Hartrick Craig T, Bourne Michael H, Gargiulo Kathryn, Damaraju C V, Vallow Sue, Hewitt David J
Department of Anesthesiology, William Beaumont Hospital, Royal Oak, MI 48073, USA.
Reg Anesth Pain Med. 2006 Nov-Dec;31(6):546-54. doi: 10.1016/j.rapm.2006.08.011.
The fentanyl HCl iontophoretic transdermal system (ITS) has been demonstrated in clinical trials to be safe and effective for acute-pain management after several types of major surgery. The current study compared the efficacy, safety, and convenience of fentanyl ITS with morphine intravenous patient-controlled analgesia (IV PCA) for acute-pain management after unilateral total-hip replacement (THR).
In this multicenter (52 sites), randomized, open-label, active-controlled, phase IIIb study, patients (n = 799) received fentanyl ITS (40 mug fentanyl [10-minute infusion/lockout], up to 6 doses/h) or morphine IV PCA (1-mg morphine bolus [5-minute lockout], up to 10 mg/h) after unilateral THR. The primary efficacy measure was success ratings ("excellent" or "good") on the patient global assessment (PGA) of the method of pain control in the first 24 hours. Pain intensity and adverse events were also assessed.
The PGA success ratings (83.0% v 82.2%; difference = 0.9%; 95% CI: -4.4% to 6.1%) and the mean last pain-intensity scores (3.0 v 3.0; difference = 0.0; 95% CI: -0.33 to 0.33) in the first 24 hours were statistically equivalent between fentanyl ITS and morphine IV PCA groups, respectively. The incidence of adverse events was similar between the groups.
Results of this study demonstrate fentanyl ITS and a standard regimen of morphine IV PCA were comparable methods of pain control for management of acute postoperative pain after THR, on the basis of the PGA success ratings and pain intensity in the first 24 hours of treatment.
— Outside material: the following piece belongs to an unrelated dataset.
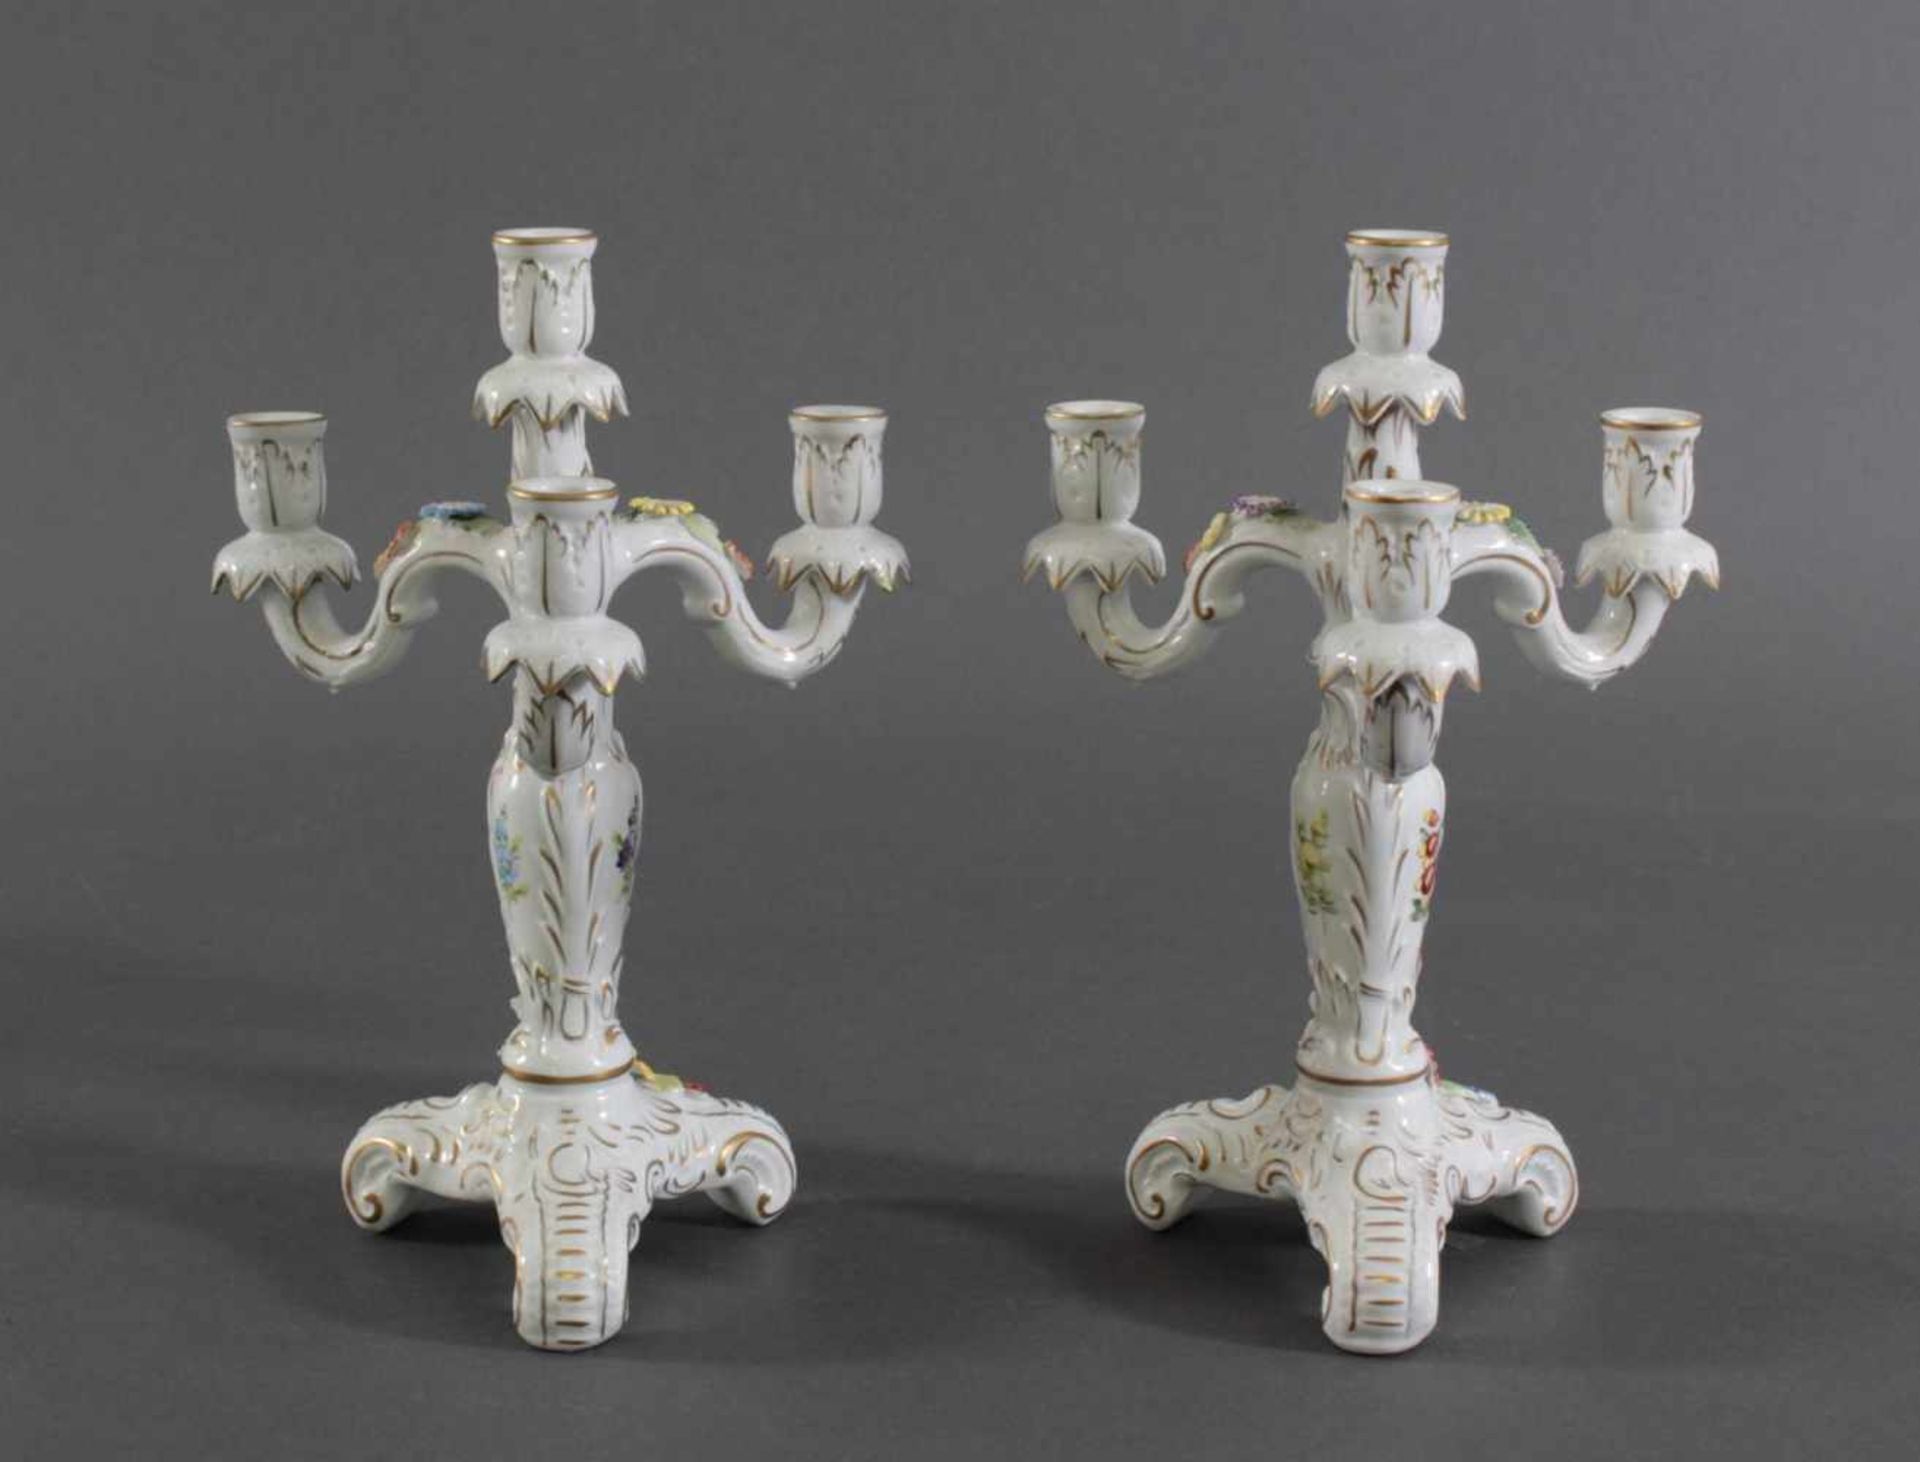 Paar Kerzenleuchter, Porzellanmanufaktur/PlauePorzellan, 3-flammiger Leuchter auf dreibeinigem - Image 2 of 5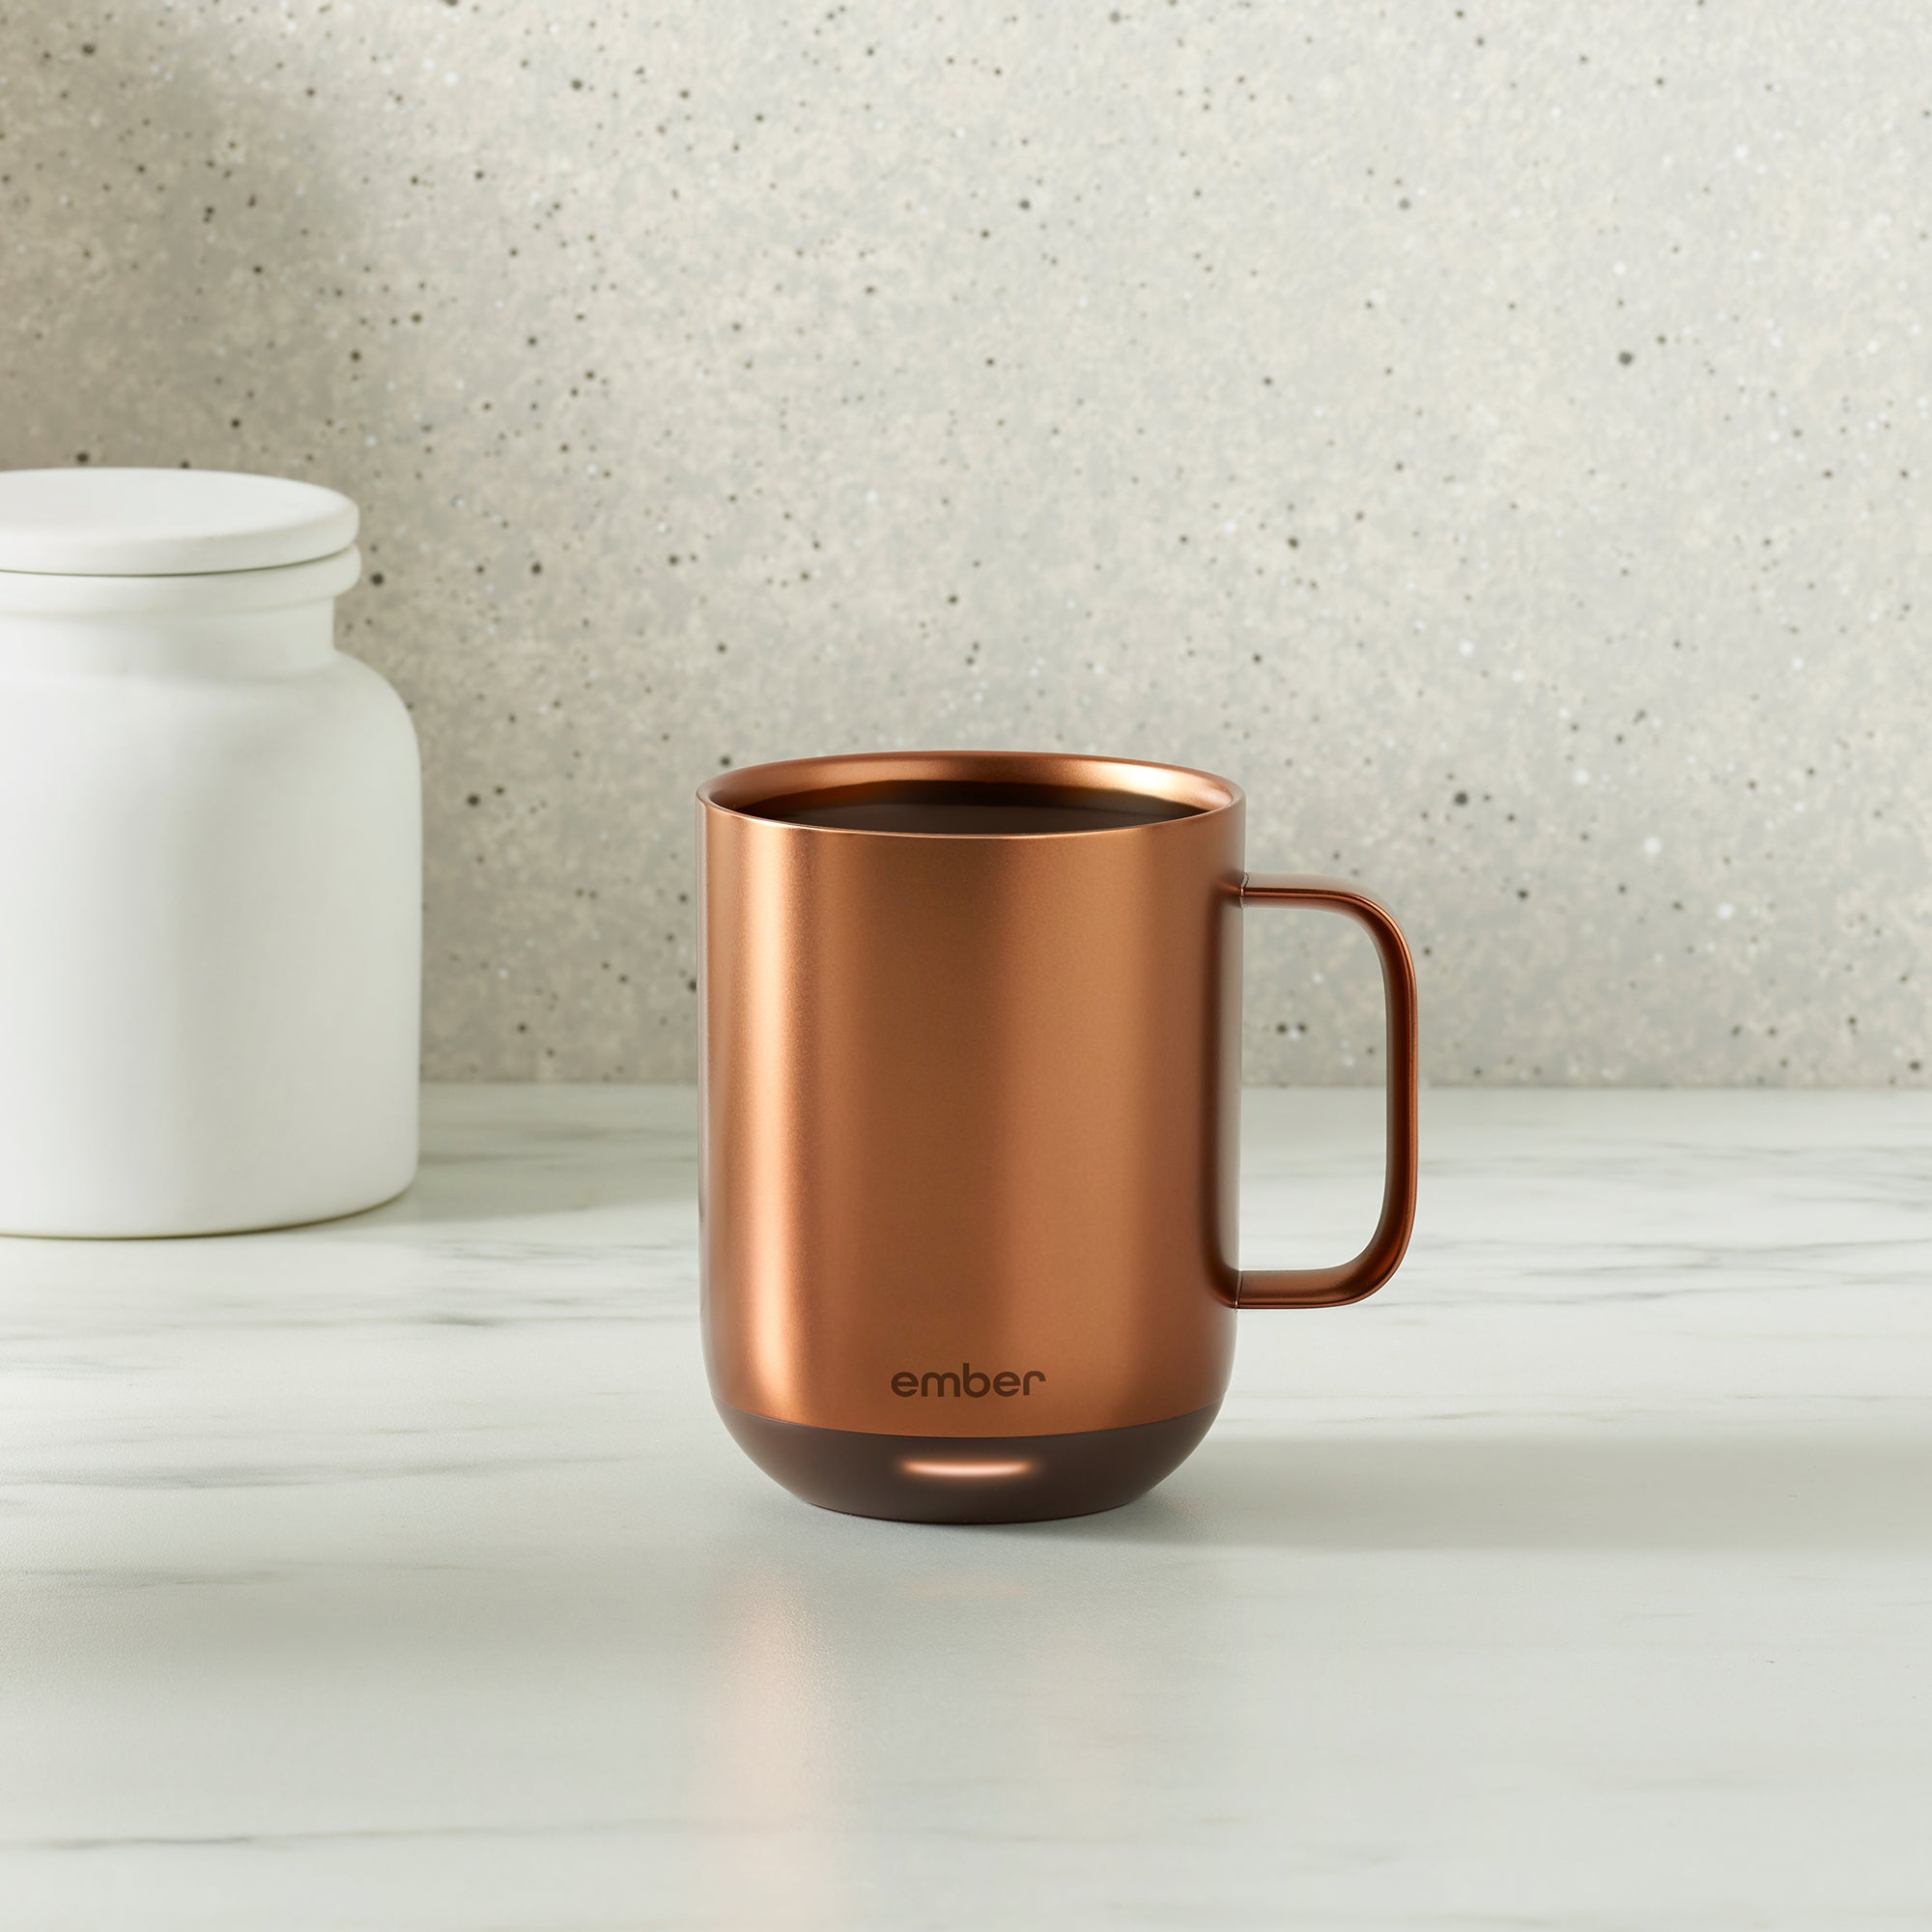 Ember - Temperature Control Smart Mug - 6 oz - Copper

盐酸芬太尼离子导入透皮系统(ITS)在临床试验中已被证明对几种大手术后的急性疼痛管理是安全有效的。本研究比较了芬太尼ITS与吗啡静脉自控镇痛(IV PCA)在单侧全髋关节置换术(THR)后急性疼痛管理中的疗效、安全性和便利性。
在这项多中心(52个地点)、随机、开放标签、活性对照的IIIb期研究中,患者(n = 799)在单侧THR后接受芬太尼ITS(40μg芬太尼[10分钟输注/锁定],每小时最多6剂)或吗啡IV PCA(1mg吗啡推注[5分钟锁定],每小时最多10mg)。主要疗效指标是治疗后前24小时患者对疼痛控制方法的总体评估(PGA)中的成功评分(“优秀”或“良好”)。还评估了疼痛强度和不良事件。
芬太尼ITS组和吗啡IV PCA组在治疗后前24小时的PGA成功评分(83.0%对82.2%;差异 = 0.9%;95%CI:-4.4%至6.1%)和最后平均疼痛强度评分(3.0对3.0;差异 = 0.0;95%CI:-0.33至0.33)在统计学上分别相当。两组间不良事件的发生率相似。
本研究结果表明,基于治疗后前24小时的PGA成功评分和疼痛强度,芬太尼ITS和标准的吗啡IV PCA方案是THR后急性术后疼痛管理中可比的疼痛控制方法。